Closed hvenev-insait closed 3 months ago
@giuseppe PTAL
can you show the owner of the current cgroup?
$ id -u
1000
$ cat /proc/self/cgroup
0::/user.slice/user-1000.slice/user@1000.service/app.slice/app-org.gnome.Terminal.slice/vte-spawn-94220382-1f1f-4715-ba8e-dc972a17a057.scope
$ ls -lnd /sys/fs/cgroup/user.slice/user-1000.slice/user@1000.service/app.slice/app-org.gnome.Terminal.slice/vte-spawn-94220382-1f1f-4715-ba8e-dc972a17a057.scope
drwxr-xr-x. 2 1000 1000 0 Dec 5 22:27 /sys/fs/cgroup/user.slice/user-1000.slice/user@1000.service/app.slice/app-org.gnome.Terminal.slice/vte-spawn-94220382-1f1f-4715-ba8e-dc972a17a057.scope
$ podman run --rm --network=none --cgroups=disabled --cgroupns=host fedora sh -c 'cat /proc/$$/cgroup'
0::/user.slice/user-1000.slice/user@1000.service/app.slice/app-org.gnome.Terminal.slice/vte-spawn-94220382-1f1f-4715-ba8e-dc972a17a057.scope
The issue happens both when the owner is the current user:
$ id -u
10000
$ cat /proc/self/cgroup
1:name=systemd:/
0::/user.slice/user-10000.slice/user@10000.service/app.slice/app-org.gnome.Terminal.slice/vte-spawn-3f83f4ee-c1d2-4189-aacf-4a1329475b7e.scope
$ ls -lnd /sys/fs/cgroup/user.slice/user-10000.slice/user@10000.service/app.slice/app-org.gnome.Terminal.slice/vte-spawn-3f83f4ee-c1d2-4189-aacf-4a1329475b7e.scope
drwxr-xr-x 2 10000 10000 0 Dec 5 17:19 /sys/fs/cgroup/user.slice/user-10000.slice/user@10000.service/app.slice/app-org.gnome.Terminal.slice/vte-spawn-3f83f4ee-c1d2-4189-aacf-4a1329475b7e.scope
$ podman run --rm --network=none --cgroups=disabled --cgroupns=host fedora sh -c 'cat /proc/$$/cgroup'
1:name=systemd:/
0::/user.slice/user-10000.slice/user@10000.service/user.slice/podman-246968.scope
and when it's root:
$ machinectl shell root@
# su - user
$ cat /proc/self/cgroup
1:name=systemd:/
0::/user.slice/user-0.slice/session-50.scope
$ ls -lnd /sys/fs/cgroup/user.slice/user-0.slice/session-50.scope
drwxr-xr-x 2 0 0 0 Dec 6 08:18 /sys/fs/cgroup/user.slice/user-0.slice/session-50.scope
$ podman run --rm --network=none --cgroups=disabled --cgroupns=host fedora sh -c 'cat /proc/$$/cgroup'
1:name=systemd:/
0::/user.slice/user-10000.slice/user@10000.service/user.slice/podman-247173.scope
Hm, is that 1:name=systemd:/
cgroup causing issues?
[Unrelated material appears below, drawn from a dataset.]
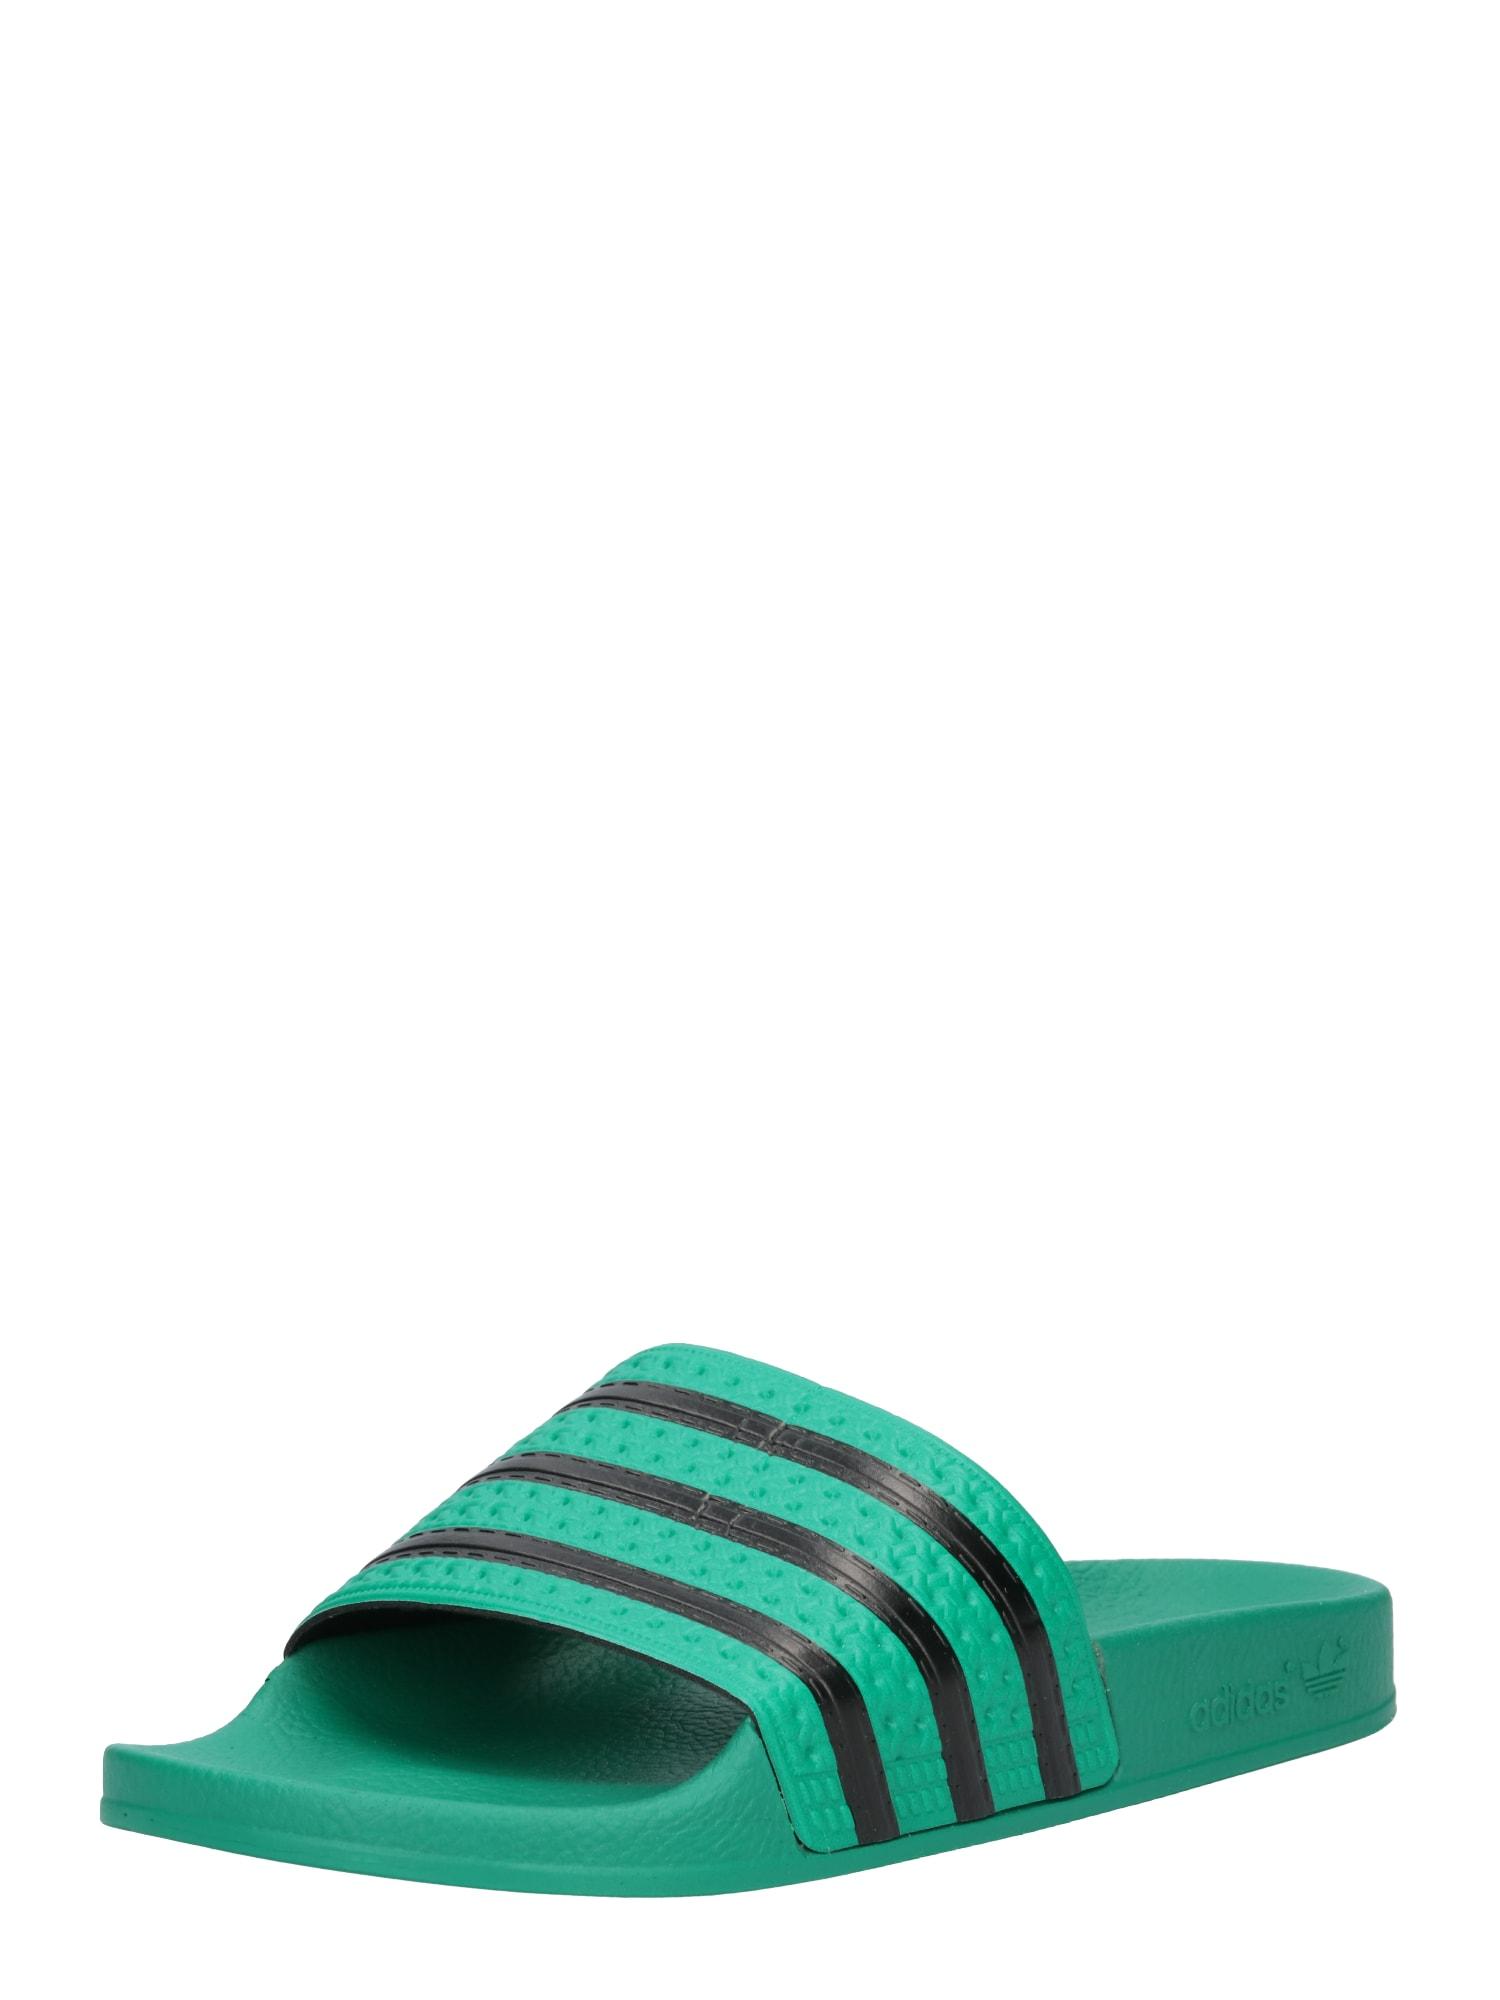 Pantofle Adilette olivová černá ADIDAS ORIGINALS

It looks like UserOwnsCurrentSystemdCgroup
might be getting confused.
Yes, it appears that cleaning up the legacy name=systemd
hierarchy fixes the issue when the owner of the cgroup is the current user:
$ cat /proc/self/cgroup
0::/user.slice/user-10000.slice/user@10000.service/app.slice/app-org.gnome.Terminal.slice/vte-spawn-a121e3d9-a08f-4c31-a469-487c7a44111f.scope
$ podman run --rm --network=none --cgroups=disabled --cgroupns=host fedora sh -c 'cat /proc/$$/cgroup'
0::/user.slice/user-10000.slice/user@10000.service/app.slice/app-org.gnome.Terminal.slice/vte-spawn-a121e3d9-a08f-4c31-a469-487c7a44111f.scope
However, it still doesn't work if the owner is root:
$ machinectl shell root@
# su - user
$ cat /proc/self/cgroup
0::/user.slice/user-0.slice/session-59.scope
$ podman run --rm --network=none --cgroups=disabled --cgroupns=host fedora sh -c 'cat /proc/$$/cgroup'
0::/user.slice/user-10000.slice/user@10000.service/user.slice/podman-249730.scope
The issue persists in podman 4.9.3.
$ podman --version
podman version 4.9.3
$ cat /proc/self/cgroup
0::/user.slice/user-10000.slice/session-c30.scope
$ ls -lnd /sys/fs/cgroup/user.slice/user-10000.slice/session-c30.scope
drwxr-xr-x 2 0 0 0 Mar 9 13:32 /sys/fs/cgroup/user.slice/user-10000.slice/session-c30.scope
$ podman run --rm --network=none --cgroups=disabled --cgroupns=host fedora sh -c 'cat /proc/$$/cgroup'
0::/user.slice/user-10000.slice/user@10000.service/user.slice/podman-1072248.scope
that is kind of expected, the cgroups=disabled
is passed down to the OCI runtime, but still Podman creates its own cgroup if the user doesn't own the current one. One reason is that these cgroups might be destroyed, when the session exits, even if lingering is set for the rootless user.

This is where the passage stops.